Identifiers
- Symbol: Fatty_acid_desaturase-1
- Pfam: PF00487
- InterPro: IPR005804
- OPM superfamily: 431
- OPM protein: 4zyo

Available protein structures:
- PDB: IPR005804 PF00487 (ECOD; PDBsum)
- AlphaFold: IPR005804; PF00487;

= Fatty acid desaturase =

Fatty acid desaturases (also called unsaturases) are a family of enzymes that convert saturated fatty acids into unsaturated fatty acids and polyunsaturated fatty acids. For the common fatty acids of the C18 variety, desaturases convert stearic acid into oleic acid. Other desaturases convert oleic acid into linoleic acid, which is the precursor to alpha-linolenic acid, gamma-linolenic acid, and eicosatrienoic acid.

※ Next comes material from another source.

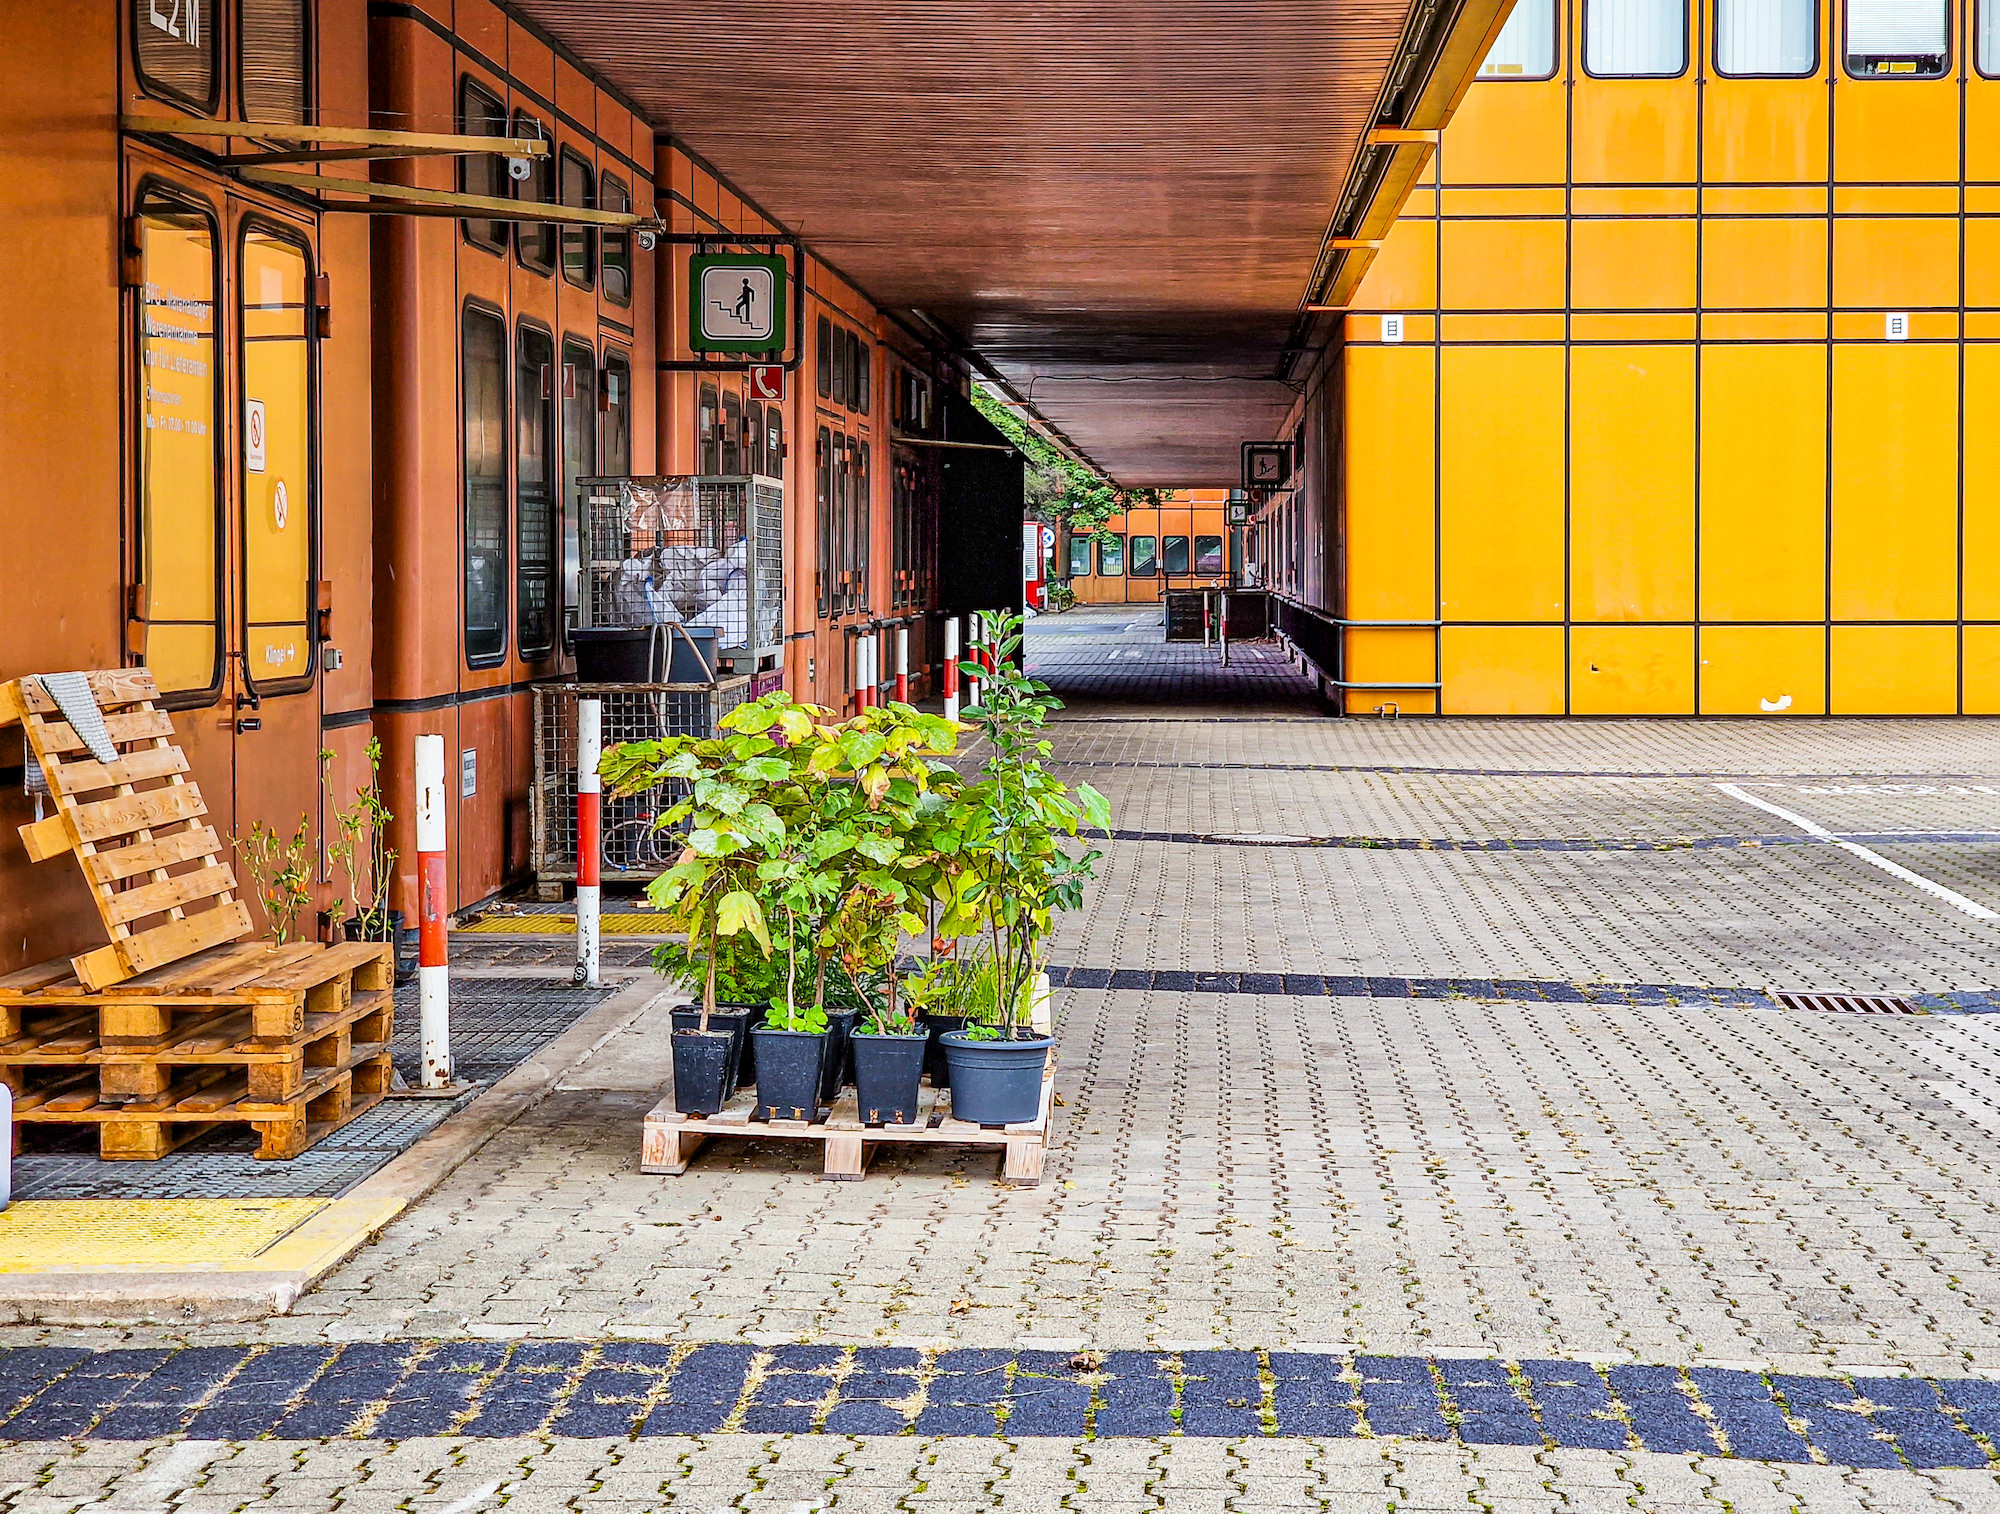 Europalette Grünpflanzen vor dem orangenen Gebäude
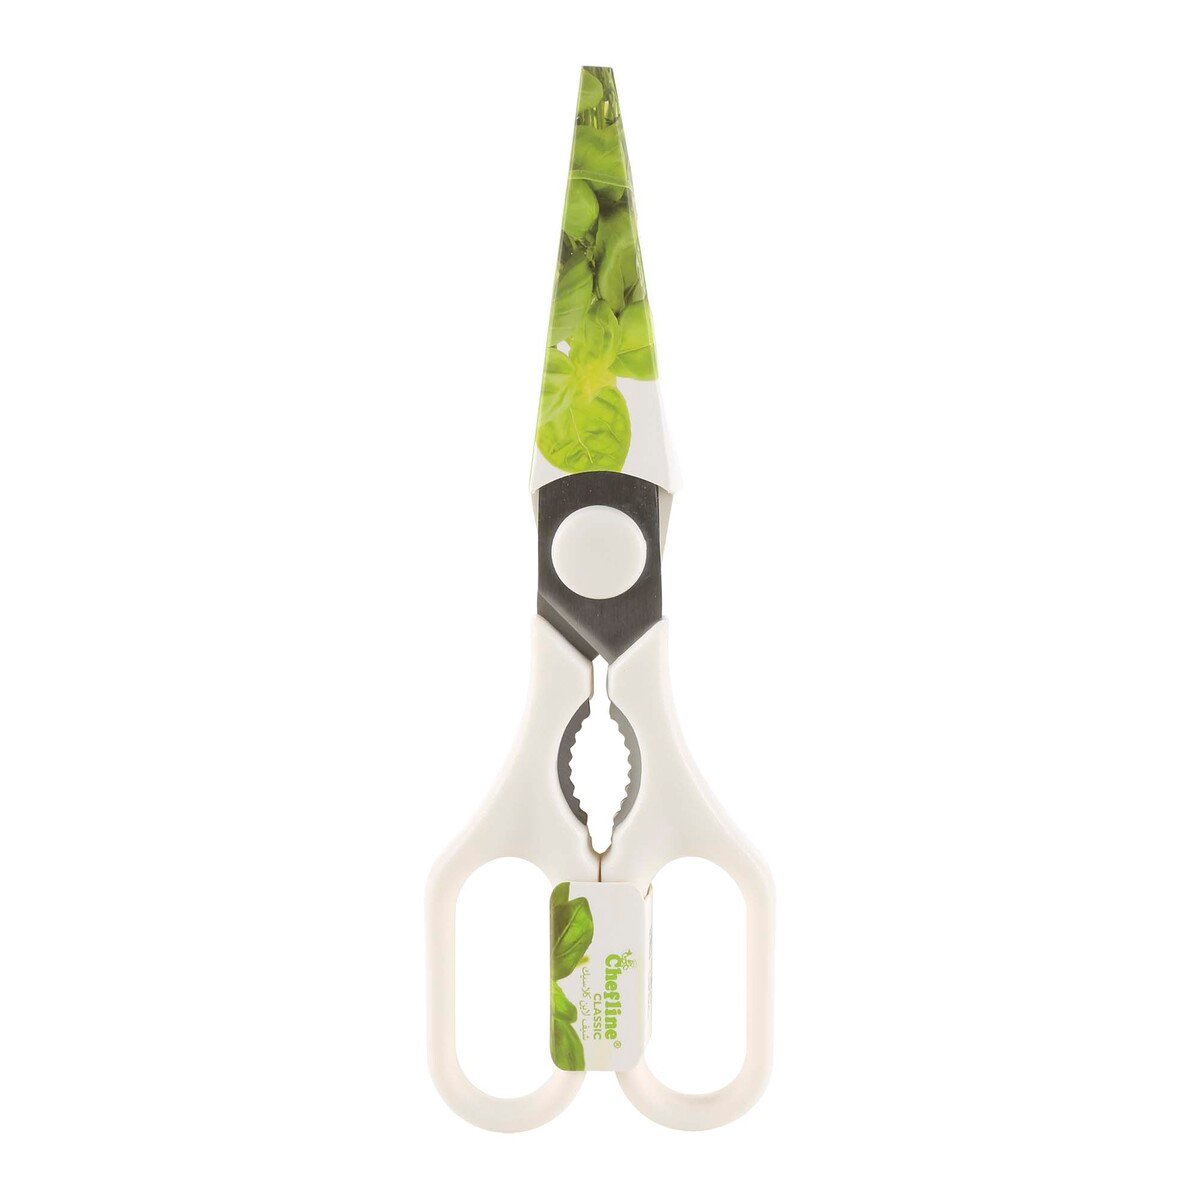 Chefline Kitchen Scissors, HB6117CS

Two nomenclatures are used to indicate the position of desaturation:
- Delta - indicating that the double bond is created at a fixed position from the carboxyl end of a fatty acid chain. For example, Δ9-desaturase creates a double bond between the ninth and tenth carbon atom from the carboxyl end.
- Omega - indicating the double bond is created at a fixed position from the methyl end of a fatty acid chain. For instance, ω3 desaturase creates a double bond between the third and fourth carbon atom from the methyl end. In other words, it creates an omega-3 fatty acid.

For example, Δ6 desaturation introduces a double bond between carbons 6 and 7 of linoleic acid (LA C_{18}H_{32}O_{2}; 18:2-n6) and α-linolenic acid (ALA: C_{18}H_{30}O_{2}; 18:3-n3), creating γ-linolenic acid (GLA: C_{18}H_{30}O_{2},18:3-n6) and stearidonic acid (SDA: C_{18}H_{28}O_{2}; 18:4-n3) respectively.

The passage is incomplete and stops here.